Feedback and distributed practice have both been identified as critical needs for deliberate practice and skill acquisition [5]. Previous medical student suturing curricula, even those using video-based assessment, have utilized human resources for assessment and feedback [6, 7]. However, the large time investments required for surgical faculty to gain or teach skills with directed feedback have been a longstanding concern [7, 8]. A key component of deliberate practice is however “detailed immediate feedback” [5]. Video-based training has demonstrated many benefits, including relieving some of the personnel burden and scheduling issues, and allowing for retrospective review while maintaining equivalent learning outcomes [9,10,11]. There remains, however, limitations in the ability to provide directed, immediate feedback [10]. There has been some work with variable results demonstrating the accuracy in learner self-assessment of skill acquisition [12, 13]. Furthermore, there has been limited previous work examining the use of artificial intelligence in assessing and providing feedback for medical student skills training [14].

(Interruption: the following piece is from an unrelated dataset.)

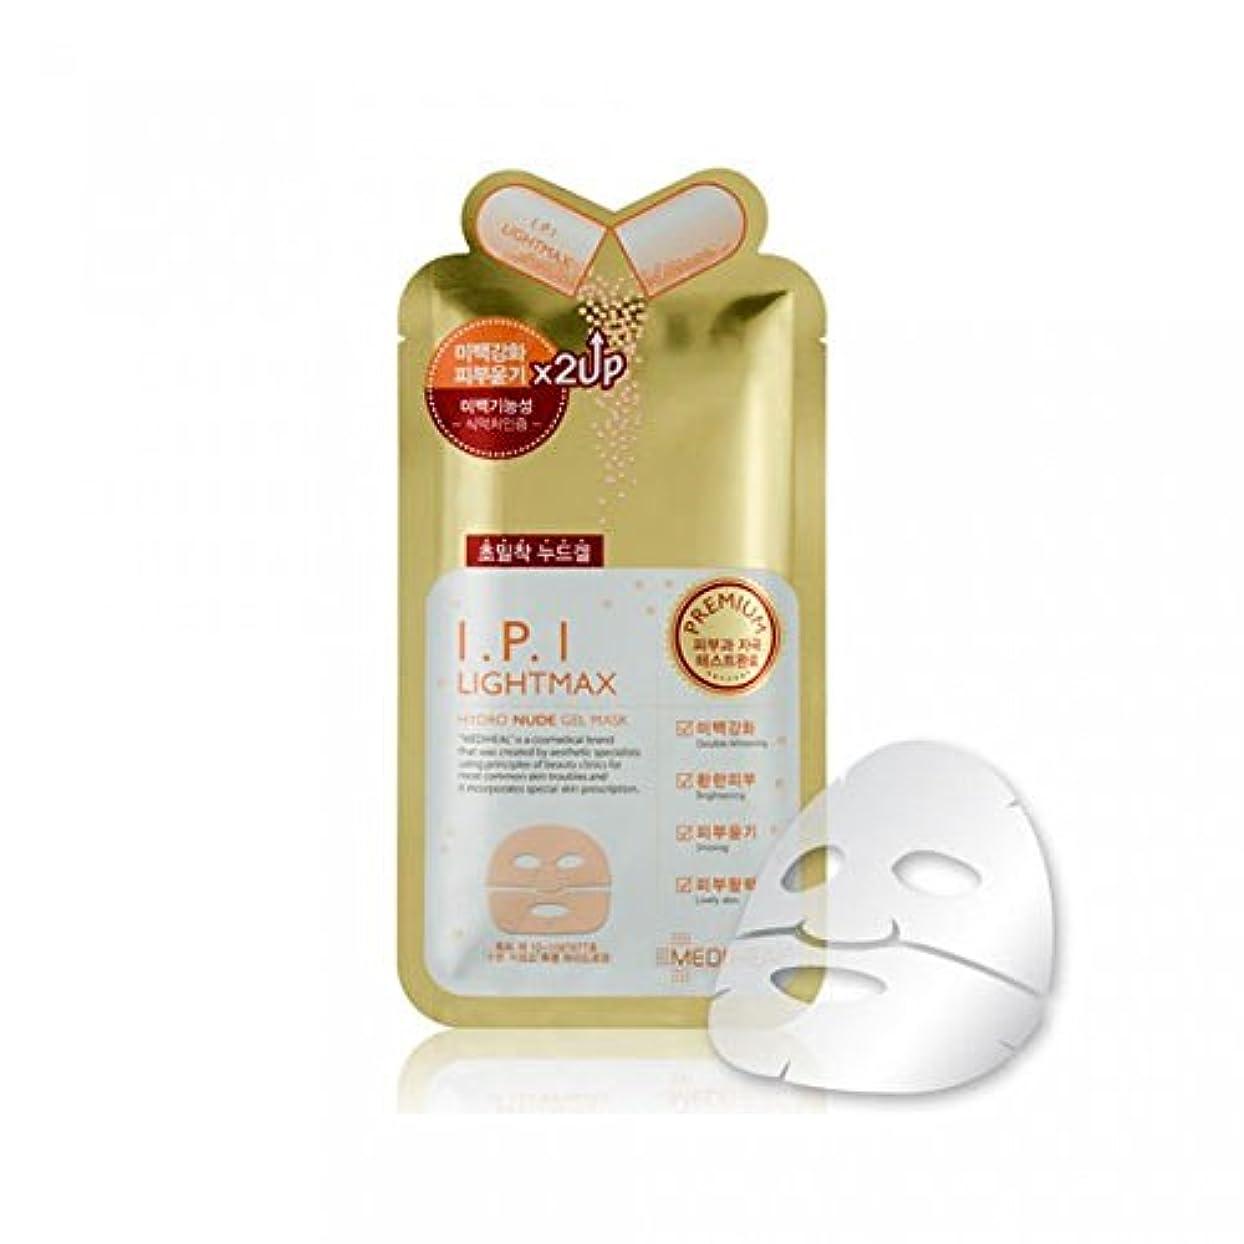 より平らな評判パンサーメディヒール プレミアム IPI ライトマックス ヌード ゲルマスク (10枚) [Mediheal premium IPI LIGHT MAX Nude Gel Mask 10 sheets] [並行輸入品]

Compared with manual video-based assessment, machine learning and AI-based methods are faster, require less instructor-hours, more reproducible, and potentially less subjective. The flexibility and accessibility of these methods have thus resulted in numerous successful applications in surgical education [15,16,17,18]. Nevertheless, the majority of existing work has focused on minimally invasive techniques; within this area, AI work has been developed for instrument tracking, work-flow analysis, the identification of critical anatomy, and basic surgical skills such as robotic suturing and knot-tying [19,20,21,22,23].

We previous reported positive learner outcomes associated with an open suturing and knot-tying curriculum for our second-year medical students which we adapted to an at-home video-based assessment format due to the social distancing requirements of COVID-19 [11]. Students recognized the at-home training environment as a low-stress and convenient practice environment. Additionally, examination of that curriculum demonstrated reduced personnel needs associated with the virtual platform [11]. However, the need for more frequent and directed feedback was also reported. Based on these data, we aimed to use artificial intelligence to develop a Deep Learning (DL) model that would (1) distinguish pass-fail performances to develop an automatic assessment tool, as well as (2) identify the reason for task failure.

Materials and methods

Task details and materials

The task and assessment criteria for this curriculum had been predetermined from previous curriculum content [11]. The medical students were to perform a simple-interrupted knot on a penrose drain model using an instrument tying technique (Fig. 1). All students were provided with the same take-home suturing kits that contained instruments (surgical needle driver, forceps, and scissors), suture material (2–0 silk suture, SH needle), penrose drain models with pre-marked targets and velcro for model fixation. An instructional 25-min video was provided that explained the task with demonstrations of passing performance, errors, and pitfalls. Students were instructed to self-train to proficiency and then provide a video of their performance for assessment. The instructional video also included demonstrations of the desired video capture using a laptop webcam or cellphone camera on a tripod with the intended opposite facing 45-degree downward angle view.

Fig. 1
figure 1

Snapshots of the task segmentation

Metrics and errors

Students were assigned a task rating using a pass/fail scale that was developed in the previous curriculum [11]. Critical errors, which consisted of a safety or technical error, resulted in a rating of “fail.” Safety errors included touching the needle with one’s hands. Technical errors were classified as knot-tying errors, instrument holding errors, or combined errors. To develop a more robust error detection for the AI model, the errors were classified in a more granular fashion based on step-wise delineation of the task (Table 1). This study was reviewed and deemed exempt by the University of Texas Southwestern Institutional Review Board.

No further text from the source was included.